In my view, the threat to humanity isn’t that AI is becoming more intelligent. The real danger is that we, and especially the next generation, are becoming increasingly stupid because of it.
In the half-century I’ve spent on this planet, I have watched essential skills evaporate. The next generations can no longer do basic mental math, they don’t know a single phone number by heart (I still know about thirty, all from before 2000), and they can’t find their way home without a GPS. And that is without mentioning the inability to sit down and read a book or watch a film from before 2010 without thinking the pace is too slow. TikTok and other shorts have given us the attention span of a goldfish.
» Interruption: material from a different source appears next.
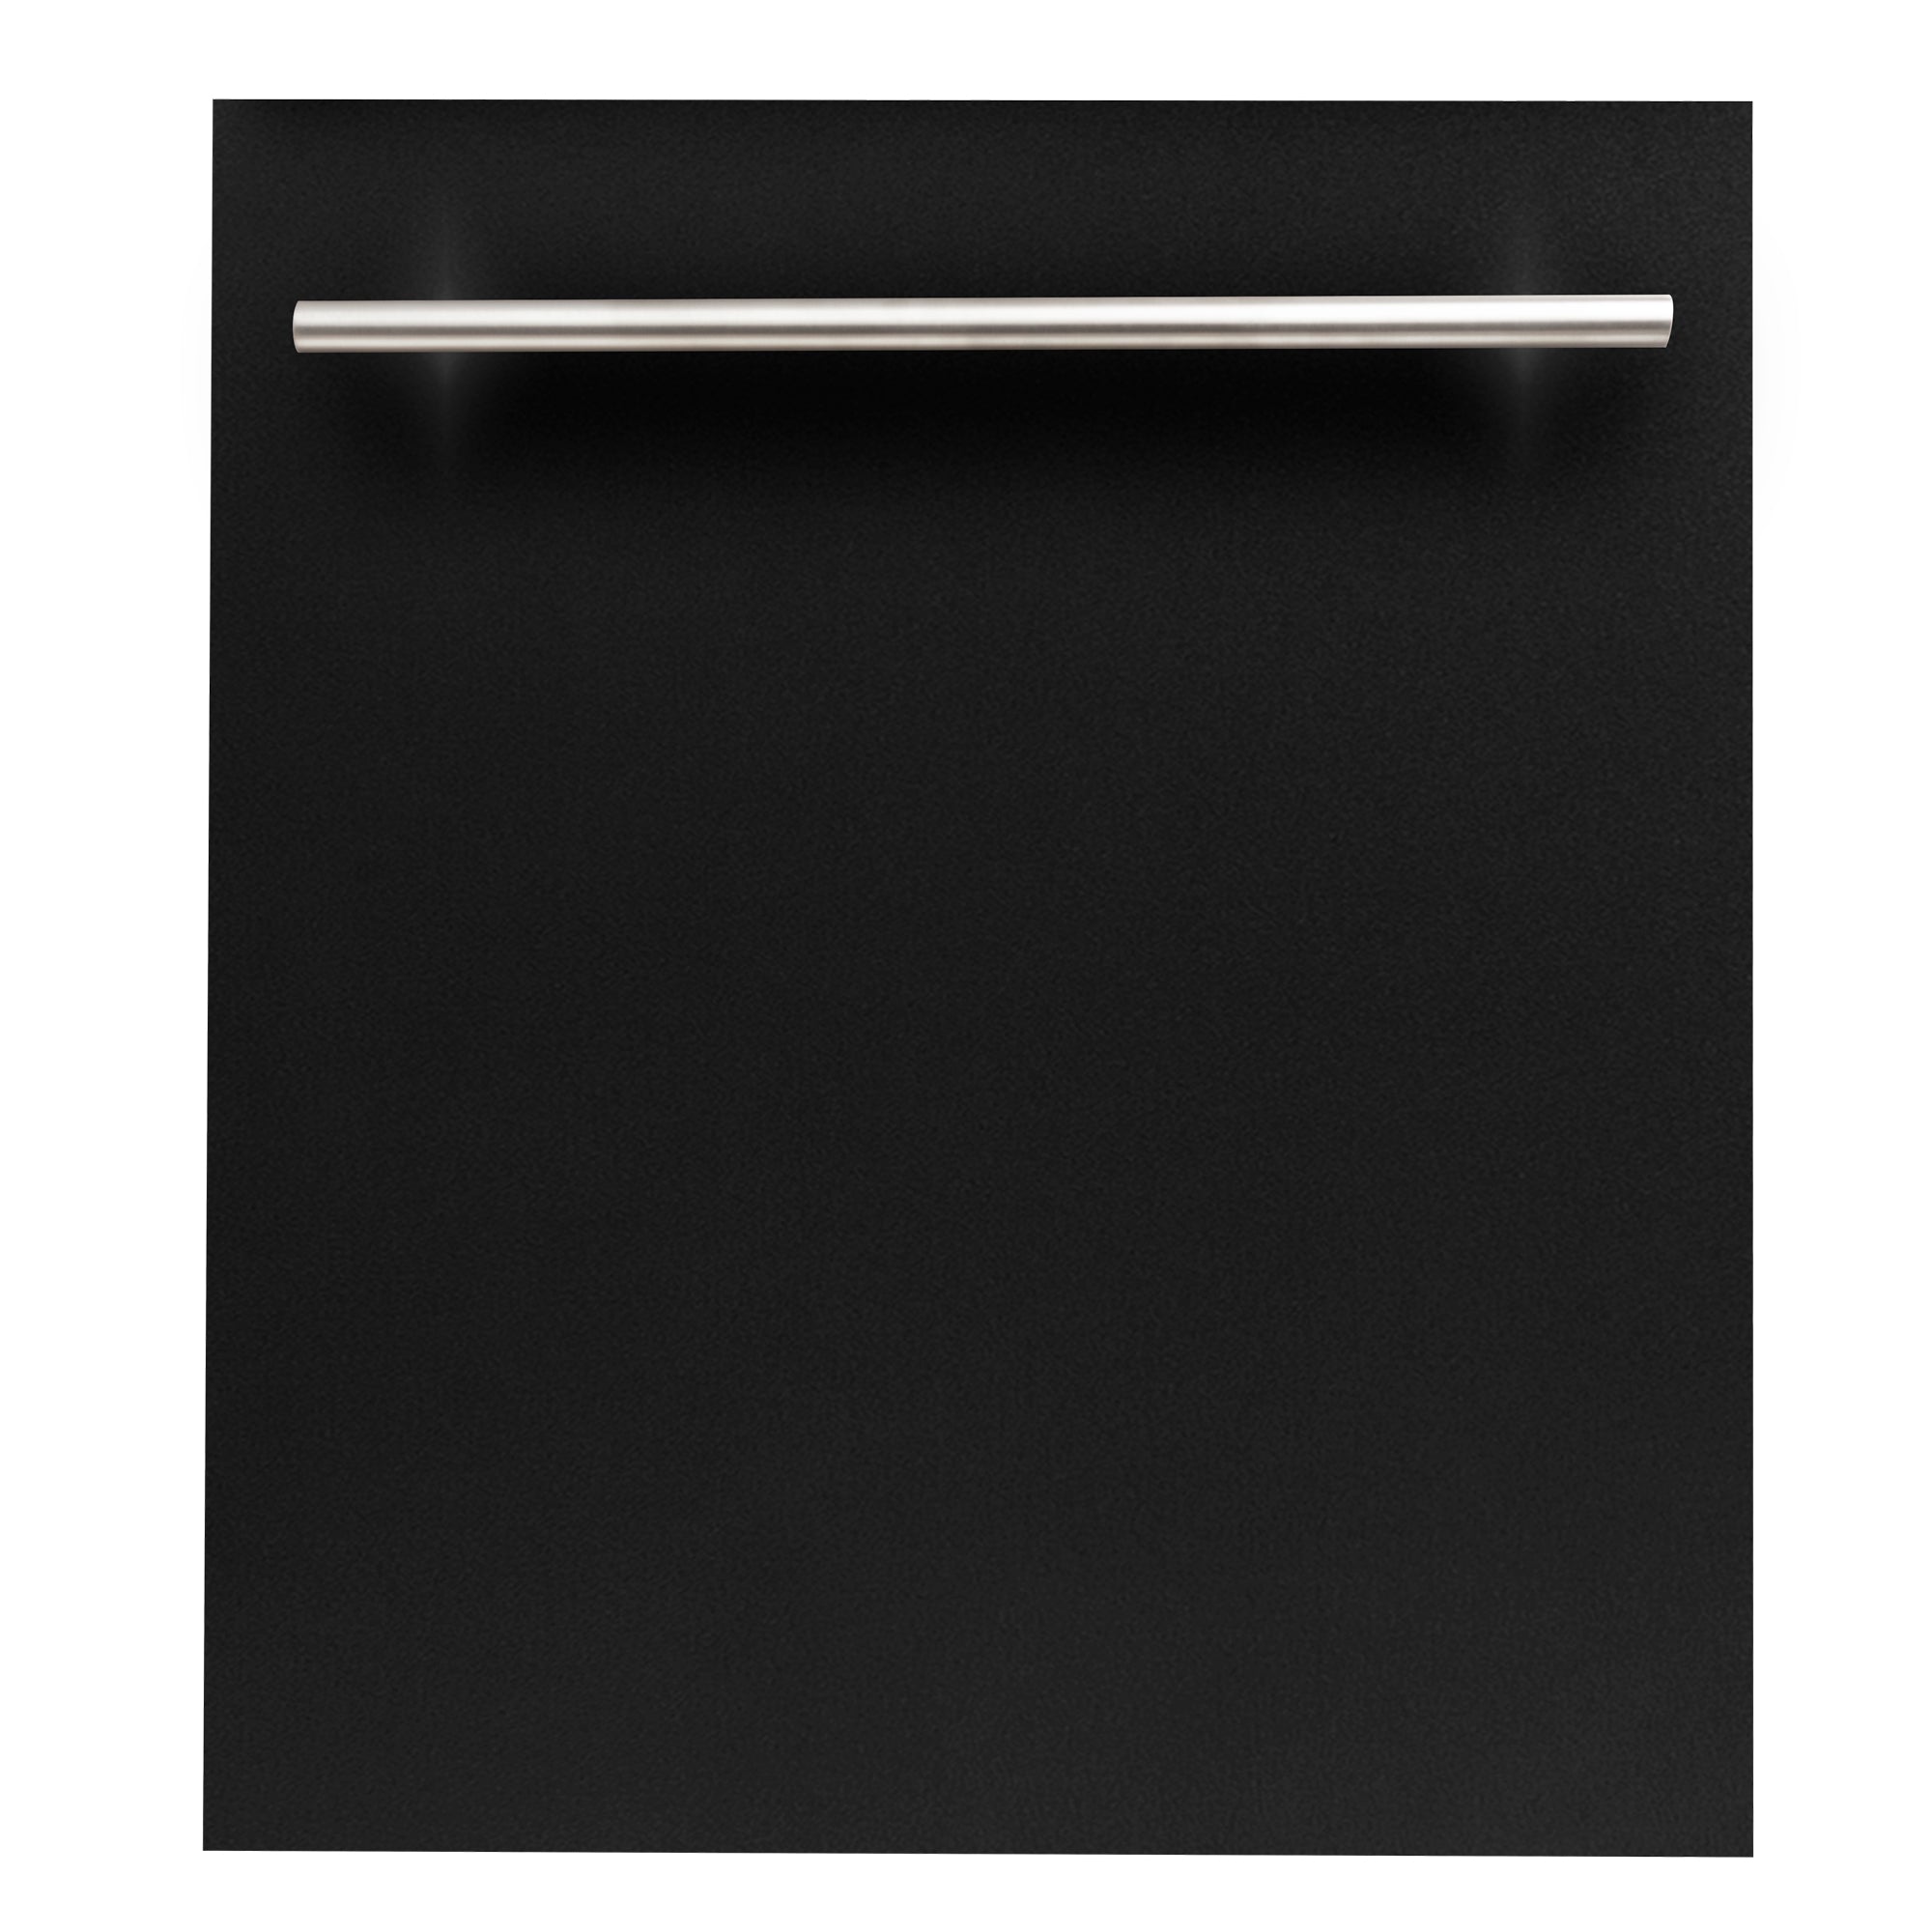 ZLINE 24" Dishwasher Panel in Black Matte with Modern Handle (DP-BLM-H-24)

It is a millennial-old stereotype for midlifers to complain about “youth these days,” but I see something more fundamental going wrong. For a 16-18 year old today, it is becoming incredibly difficult to acquire essential base skills. Why learn the basics of programming when ChatGPT or Claude spits it out ready-made? Why learn to spell or analyze a text when NotebookLM does it for you in an instant?
This is a classic Catch-22. Without these basic skills, how can you ever hope to verify or control AI? To be clear: Large Language Models do not hallucinate. They simply lie, or they tell us exactly what we want to hear. They are like a pathological liar who invents a reality that suits you, and without a foundation of basic knowledge, it becomes impossible to separate the wheat from the chaff. This applies to everyone, even the rector of a Flemish university and a hall full of high-intellectual colleagues who didn’t notice a thing.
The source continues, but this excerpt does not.